SOMETHING is amiss in President Duterte’s announcements involving the sacking of certain officials of the executive department. While the firing of an official, especially under the corruption-ridden Duterte administration, has a huge impact on the individual concerned and perhaps also on the clientele transacting with that official, Malacanang had nothing but general, even generic, explanation for what happened.
Take the case of Pasig River Rehabilitation Commission (PRRC) Executive Director Jose Antonio Goitia. Palace spokesman Salvador Panelo said the sacking of Goitia is part of “the President’s continuing mandate to eradicate graft and corruption, and to ensure that public officials and employees conduct themselves in a manner worthy of public trust.”
Secretary Panelo made the announcement a week after Duterte ordered the transfer of PRRC chairmanship from the Department of Budget and Management to the Department of Environment and Natural Resources.
As part of regular government turnover, the presidential spokesman and chief legal counsel instructed Goitia to give all official documents and properties in his possession to the Office of the Deputy Executive Director for Finance and Administrative Services of the PRRC.
Panelo concluded with another motherhood statement that he hopes will boost the image of this dispensation: “We hope that this shall serve as another example that this Administration does not — and will never — tolerate corrupt practices in the bureaucracy and in public service.”
After hearing so many words, the people along with mediamen who are the usual audience of Panelo, are left with still unclear facts about what had happened, with many questions still in their mind. One of these questions obviously is this: what infraction of the Anti-Graft and Corrupt Practices Law did the executive director of PRRC commit? Was is just a charge or did the Palace conduct a full-scale and intensive investigation and found out that a wrongdoing indeed occurred, with Goitia the most guilty among the perpetrators?

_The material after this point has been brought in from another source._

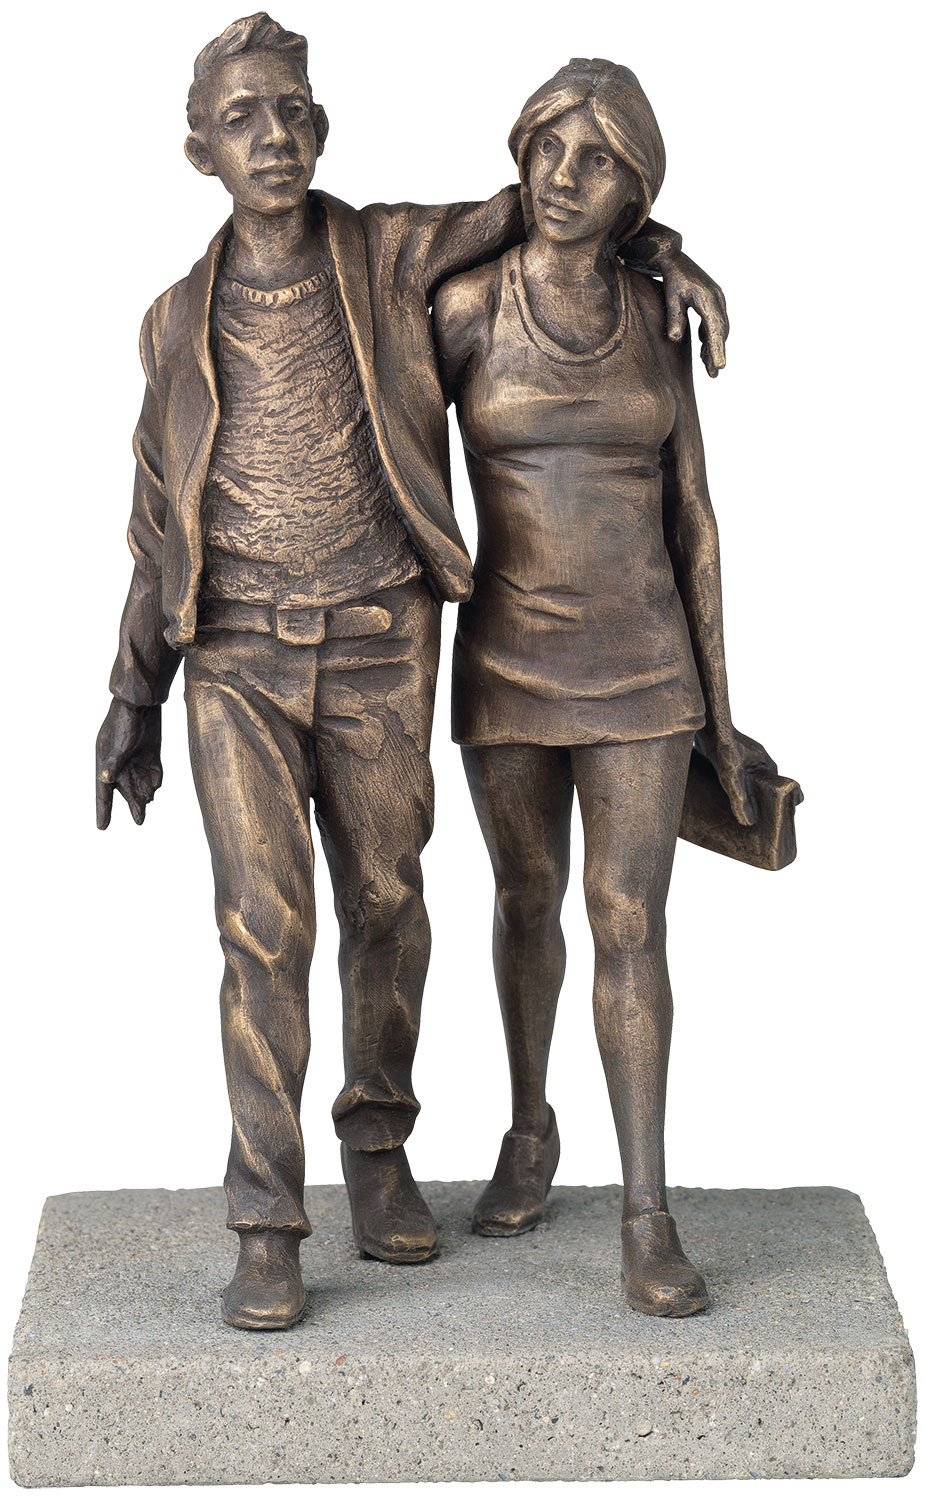 Sculpture "Modern Life" (2021), bronze by Leo Wirth
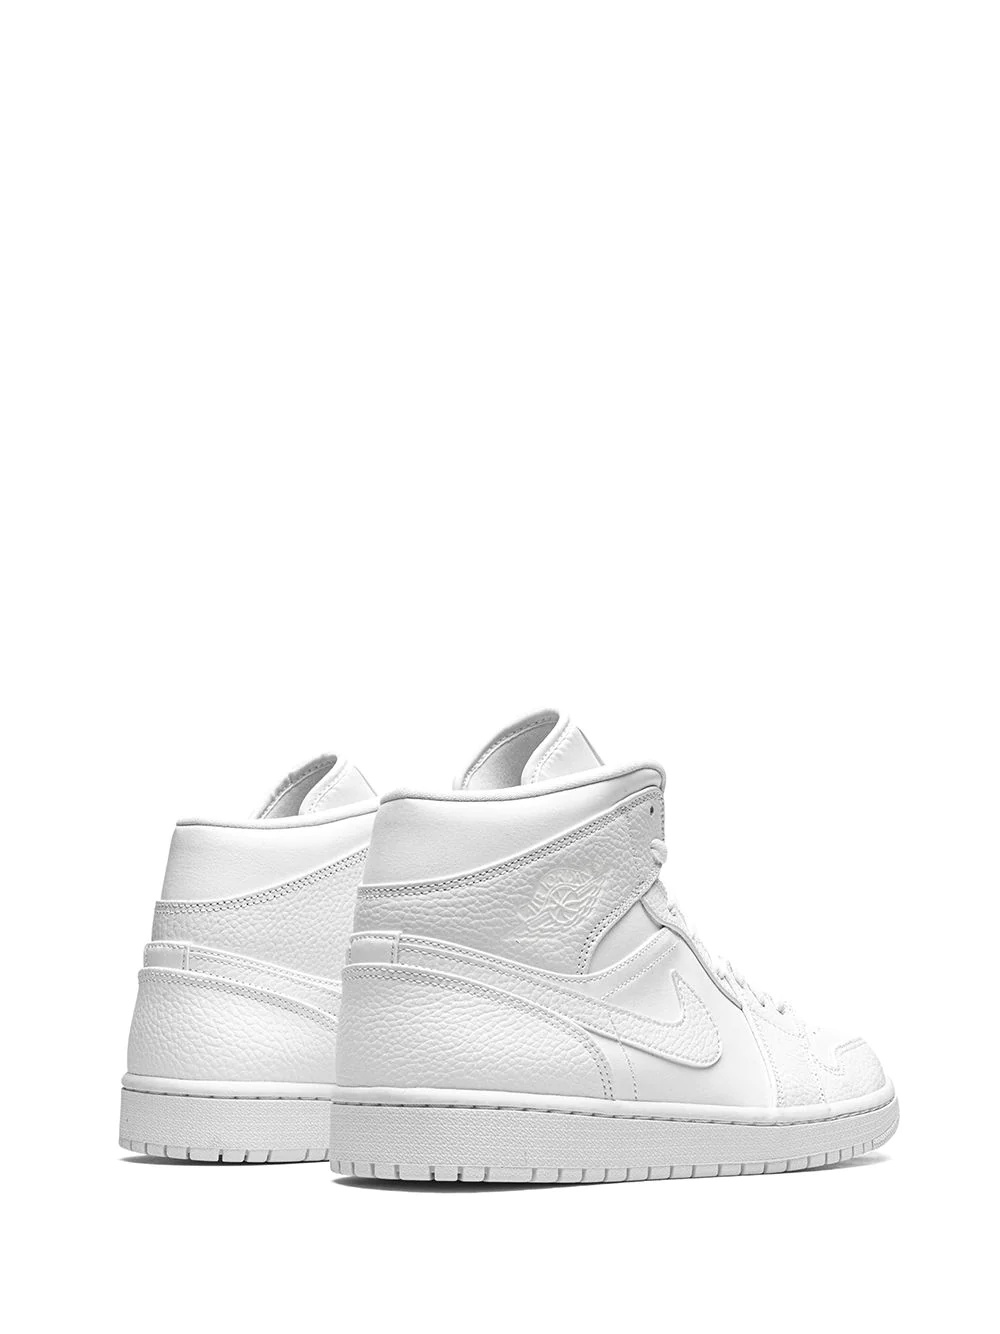 Air Jordan 1 Mid "Triple White" sneakers - 3

We do not — and cannot — question the President’s power to reorganize the offices under him, or to fire and hire people. Just that attached to this prerogative is the innate need for transparency and good faith. The public needs to know the reasons for an official’s sacking, because other officials are clearly untouchable while still others, found to be incompetent and corrupt on many occasions and in several positions, still manage to get “recycled” or appointed again.
President Duterte is fond of casually exonerating his favorite officials like Nicanor Faeldon a day or two after serious accusations against them emerged in official investigations, yet little-known officials like Goitia and Philippine Information Agency (PIA) chief Harold Clavite are dismissed without benefit of explanation. Clavite’s case is worse because while he claimed he did not write a resignation letter, such resignation was accepted by the President. The Executive Secretary just told him so.